AutoML in Azure Databricks simplifies the process of building an effective machine learning model for your data.
AutoML is a feature of Azure Databricks that tries multiple algorithms and parameters with your data to train an optimal machine learning model.


Azure Databricks has an AutoML feature that automates the process of training and validating models using different algorithms and hyperparameters. AutoML significantly reduces the effort needed to run and track model training experiments.

- You start an AutoML experiment, specifying a table in your Azure Databricks workspace as the data source for training and the specific performance metric for which you want to optimize.
- The AutoML experiment generates multiple MLflow runs, each producing a notebook with code to preprocess the data before training and validating a model. The trained models are saved as artifacts in the MLflow runs or files in the DBFS store.
- The experiment runs are listed in order of performance, with the best performing models shown first. You can explore the notebooks that were generated for each run, choose the model you want to use, and then register and deploy it.

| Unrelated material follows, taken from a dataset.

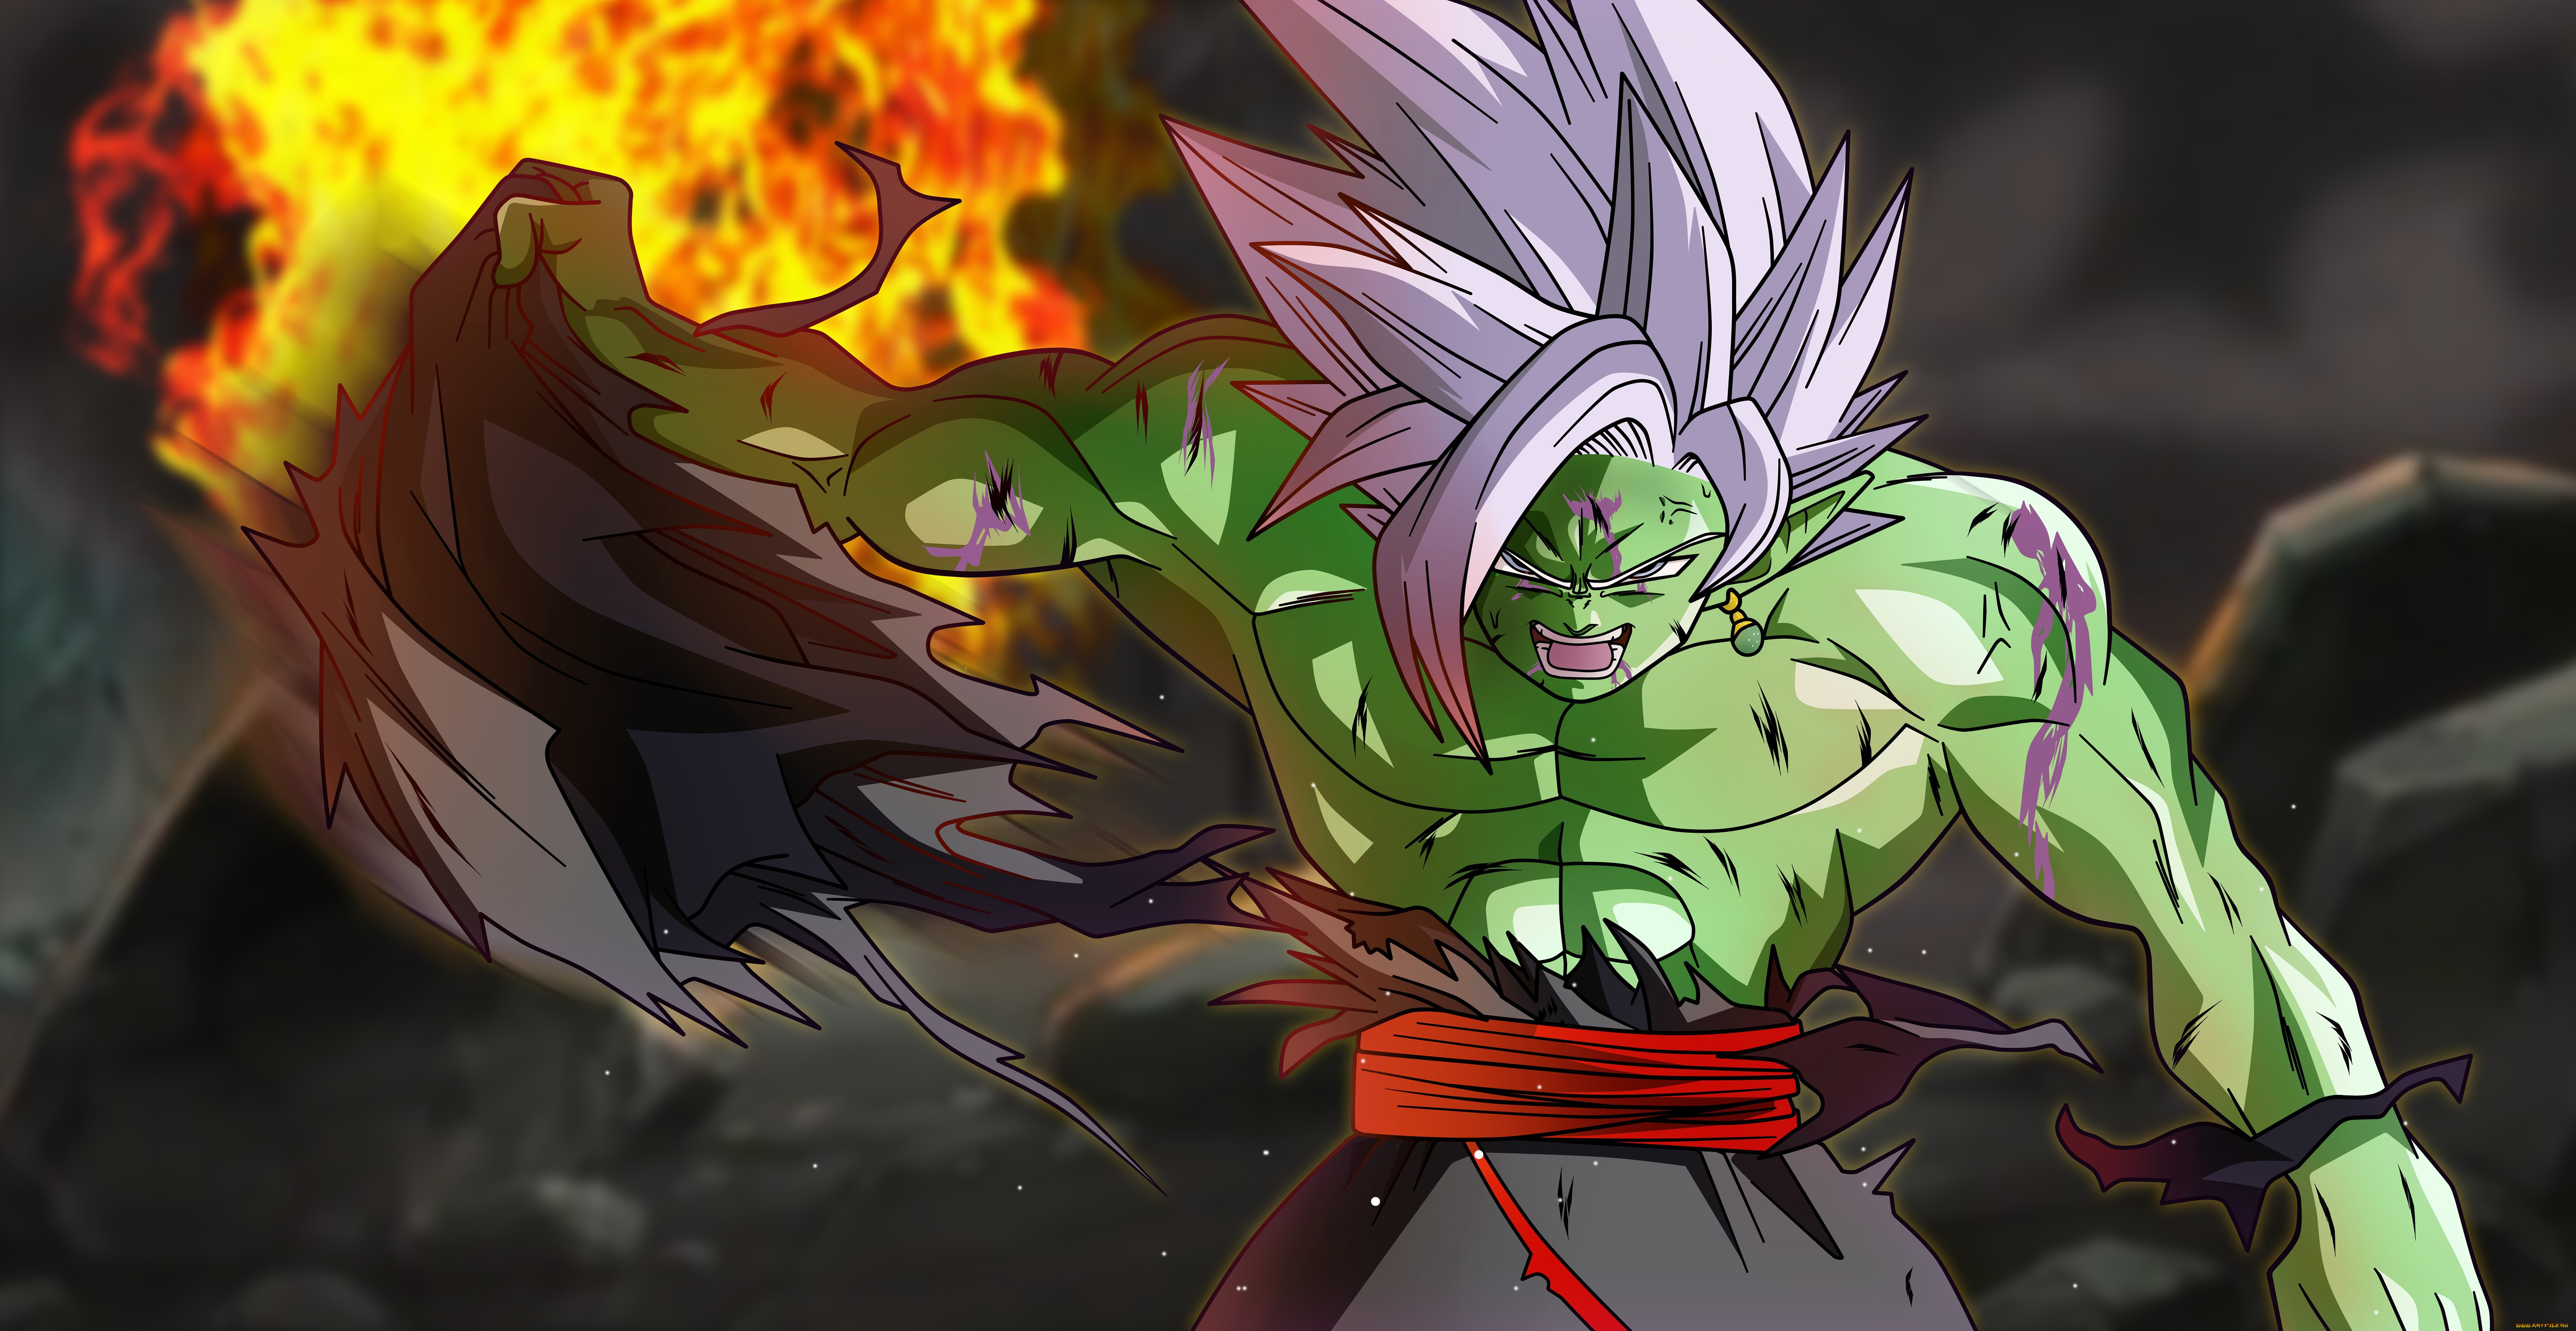 , dragon ball, fight, dragon, ball, z, muscular, oriental, japanese, fire, asiatic, chest, manga, asian, flame, thorax, anime, spark

# Powershell to get a databricks environment provisoned

rm -r mslearn-databricks -f

git clone https://github.com/MicrosoftLearning/mslearn-databricks

./mslearn-databricks/setup.ps1

./mslearn-databricks/setup.ps1 eastus

# Exercise

## Upload training data to a SQL Warehouse

- Download the penguins.csv file from https://raw.githubusercontent.com/MicrosoftLearning/mslearn-databricks/main/data/penguins.csv to your local computer, saving it as penguins.csv.
- In the Azure Databricks workspace portal, in the sidebar, select (+) New and then select Add or upload data. 
- In the Add data page, select Create or modify table and upload the penguins.csv file you downloaded to your computer.
- In the Create or modify table from file upload page, select the default schema and set the table name to penguins. 
- Then select Create table.
- When the table has been created, review its details.

# Create an AutoML experiment

Now that you have some data, you can use it with AutoML to train a model.

- In the sidebar on the left, select Experiments.
- On the Experiments page, find the Classification tile and select Start training.
- Configure the AutoML experiment with the following settings:
  - Cluster: Select your cluster
  - Input training dataset: Browse to the default database and select the penguins table
  - Prediction target: Species
  - Experiment name: Penguin-classification
  - Advanced configuration:
    - Evaluation metric: Precision
    - Training frameworks: lightgbm, sklearn, xgboost
    - Timeout: 5
    - Time column for training/validation/testing split: Leave blank
    - Positive label: Leave blank
    - Intermediate data storage location: MLflow Artifact
- Use the Start AutoML button to start the experiment. Close any information dialogs that are displayed.
- Wait for the experiment to complete. You can view details of the runs that are generated under the Runs tab.
- After five minutes, the experiment will end. Refreshing the runs will show the run that resulted in the best performing model (based on the precision metric you selected) at the top of the list.

# Deploy the best performing model

Having run an AutoML experiment, you can explore the best performing model that it generated.

- In the Penguin-classification experiment page, select View notebook for best model to open the notebook used to train the model in a new browser tab.
- Scroll through the cells in the notebook, noting the code that was used to train the model.
- Close the browser tab containing the notebook to return to the Penguin-classification experiment page.
- In the list of runs, select the name of the first run (which produced the best model) to open it.
- In the Artifacts section, note that the model has been saved as an MLflow artifact. Then use the Register model button to register the model as a new model named Penguin-Classifier.
- In the sidebar on the left, switch to the Models page. Then select the Penguin-Classifier model you just registered.
- On the Penguin-Classifier page, use the Use model for inference button to create a new real-time endpoint with the following settings:
  - Model: Penguin-Classifier
  - Model version: 1
  - Endpoint: classify-penguin
  - Compute size: Small
The serving endpoint is hosted in a new cluster, which it may take several minutes to create.

- When the endpoint has been created, use the Query endpoint button at the top right to open an interface from which you can test the endpoint. Then in the test interface, on the Browser tab, enter the following JSON request and use the Send Request button to call the endpoint and generate a prediction.

code
 {
   "dataframe_records": [
   {
      "Island": "Biscoe",
      "CulmenLength": 48.7,
      "CulmenDepth": 14.1,
      "FlipperLength": 210,
      "BodyMass": 4450
   }
   ]
 }
 
- Experiment with a few different values for the penguin features and observe the results that are returned. Then, close the test interface.


# Delete the endpoint

- When the endpoint is not longer required, you should delete it to avoid unnecessary costs.

- In the classify-penguin endpoint page, in the ‚Åù menu, select Delete.